A scalar field is given by the function: ∅ = 3x²y + 4y²
a) Find del ∅ at the point (3,5)
b) Find the component of del ∅ that makes a -60^o angle with the axis at the point (3,5)

Homework Equations

del ∅ = d∅/dx + d∅/dy

The Attempt at a Solution

I completed part a:
del ∅ = (6xy+4y²)$\hat{i}$ + (3x²+8y)$\hat{j}$ = 120$\hat{i}$ + 67$\hat{j}$ (this answer is correct)

I am having trouble with part b. My gut feeling is that I need to take a dot product; project the vector from 'part a' onto the vector that makes "a -60^o angle with the axis."

Assuming the equation is |a||b|cosθ,

• I think a = 120$\hat{i}$ + 67$\hat{j}$
• I'm not sure what b is.
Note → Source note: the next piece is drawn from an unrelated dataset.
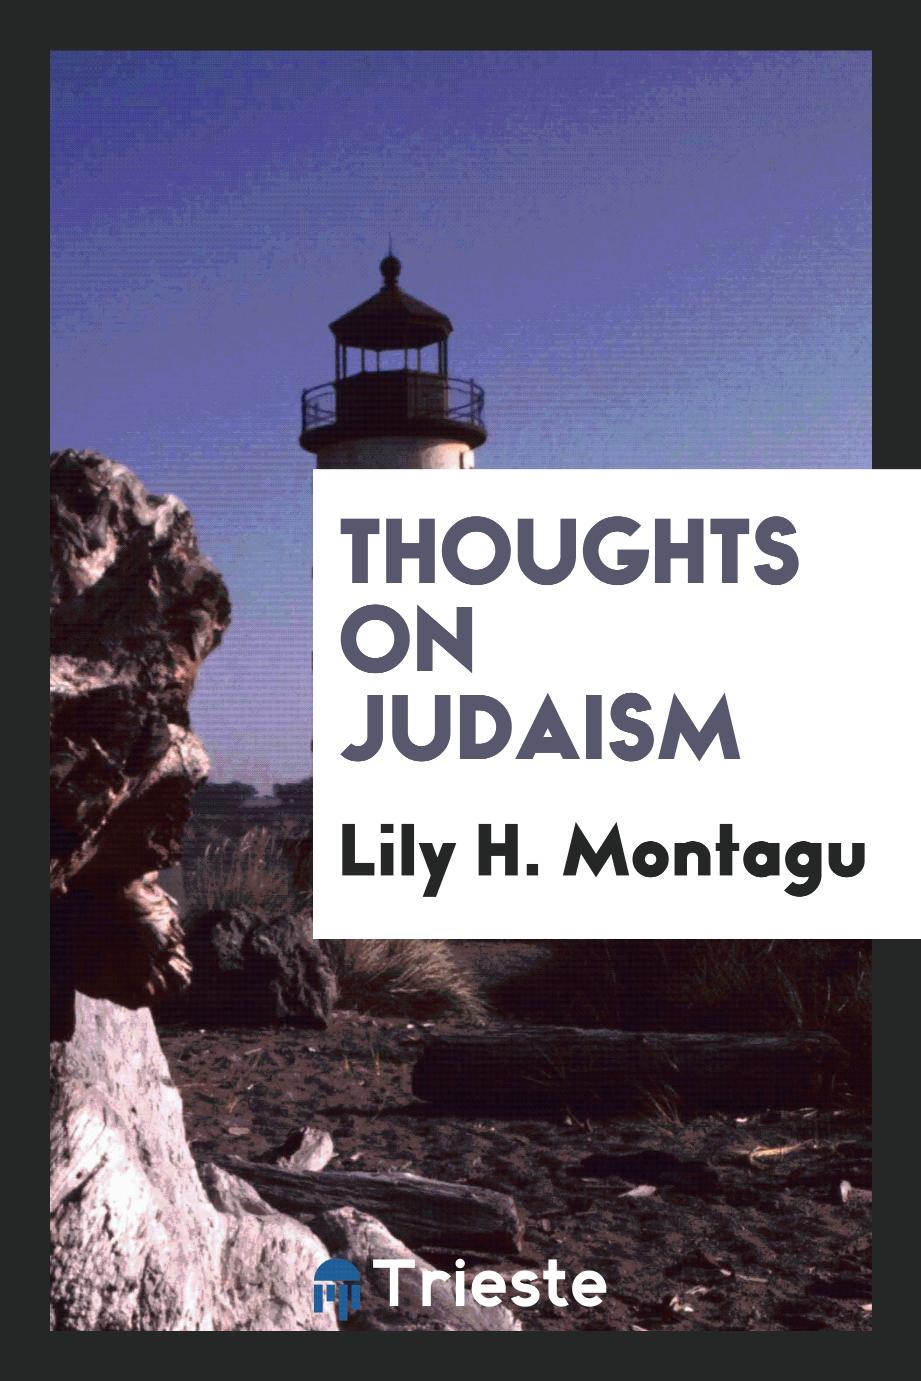 Thoughts on Judaism

Maybe a unit vector?
• I'm thinking θ is 60^o + atan(67/120)

Also, I'm assuming the "axis" that the problem refers to is the x-axis. The answer is -13.02.

Thank you for any help.

EDIT: Oops. 120i + 67j is not correct; it's 90i + 67j. |90i + 67j|cos(60+atan(67/90)) = -13.02

 

[SammyS]

Homework Statement

A scalar field is given by the function: ∅ = 3x²y + 4y²
a) Find del ∅ at the point (3,5)
b) Find the component of del ∅ that makes a -60^o angle with the axis at the point (3,5)

Homework Equations

del ∅ = d∅/dx + d∅/dy

The Attempt at a Solution

I completed part a:
del ∅ = (6xy+4y²)$\hat{i}$ + (3x²+8y)$\hat{j}$ = 120$\hat{i}$ + 67$\hat{j}$ (this answer is correct)

I am having trouble with part b. My gut feeling is that I need to take a dot product; project the vector from 'part a' onto the vector that makes "a -60^o angle with the axis."

Assuming the equation is |a||b|cosθ,

• I think a = 120$\hat{i}$ + 67$\hat{j}$
• I'm not sure what b is. Maybe a unit vector?
• I'm thinking θ is 60^o + atan(67/120)

Also, I'm assuming the "axis" that the problem refers to is the x-axis. The answer is -13.02.

Thank you for any help.

EDIT: Oops. 120i + 67j is not correct; it's 90i + 67j. |90i + 67j|cos(60+atan(67/90)) = -13.02

Hello luxer5. Welcome to PF !

$\cos(\theta)\hat{i}+\sin(\theta)\hat{j}$ is a vector that makes an angle of θ with the positive x-axis. It also happens to have a magnitude of 1 .